Gervase Markham wrote:
>>What I'm missing here are good, old, normal bugs.
>>
>That's because this isn't what this exercise is about.
>
?
Are you saying that it doesn't matter, how many bugs 1.0 has?
>>It is very hard to measure them. My personal opinion is that *every* bug
>>in Bugzilla must be fixed in 1.0,
>>
You cutted: 'unless we decide not to fix it.'
>Then you'll need a new numbering scheme for when we pass 0.9.9.
>
Oh, that one's easy: 0.10.0 comes after 0.9.9. That's why we have the 2
points.
>There are loads of bugs in Bugzilla which are RFEs, wrong, invalid,
>already fixed, or any other number of things.
>
RFEs don't count. INVALID ones are easily determined and closed.
>We probably don't have
>enough QA people to comb through them in an ordered fashion, checking each
>one.
>
Why am I filing them, then?
>As people have said, if all the bugs have to be fixed, we'll never ship.
>
I didn't say, we must fix every bug.

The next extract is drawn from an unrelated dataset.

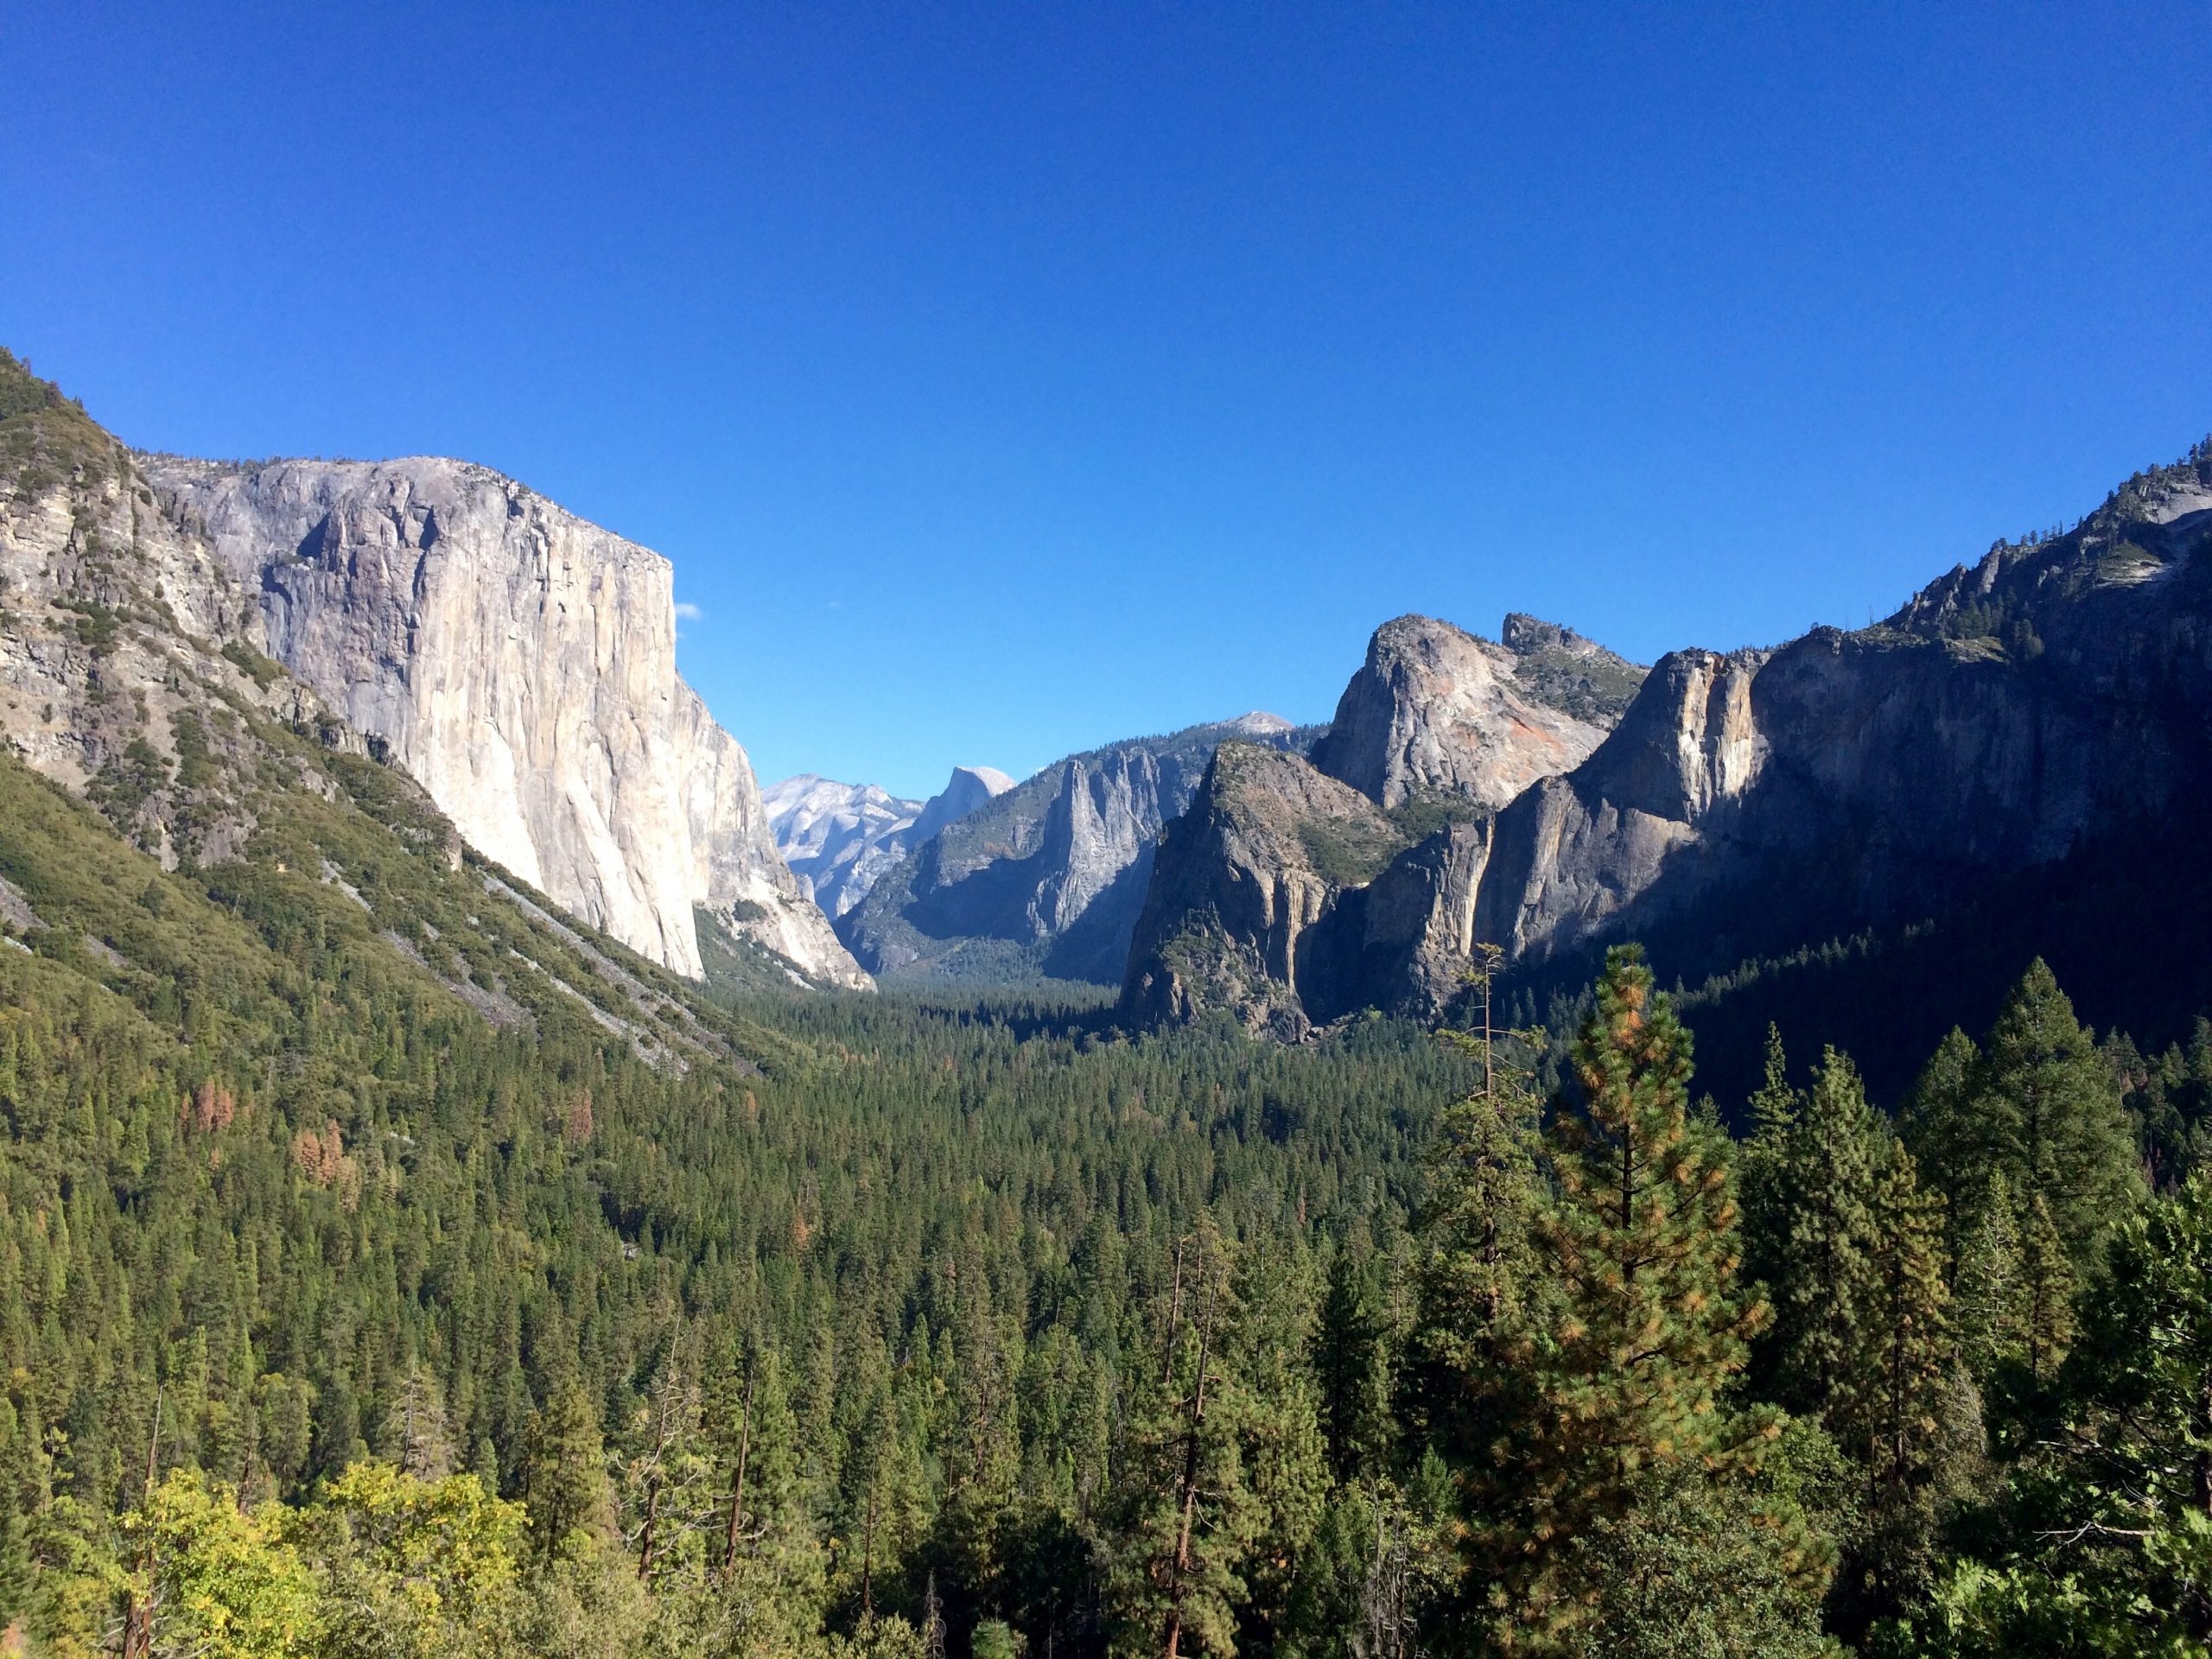 Yosemite National Park featuring El Capitan on the left

But we should *know* which ones we
don't fix.
>>his policy makes sure that we look at each filed bug and we
>>
>Who's this "we"? :-)
>
"The people making Mozilla work." QA (Mozilla and Netscape), programmers.
>Release notes include things like "Mozilla does this correctly, but
>no-one else does, so you'll need to do X", and "Software Y has a bug which
>means it doesn't work", and so on. The release notes will never be one
>page.
>
That's compatibility. You can easily split this out.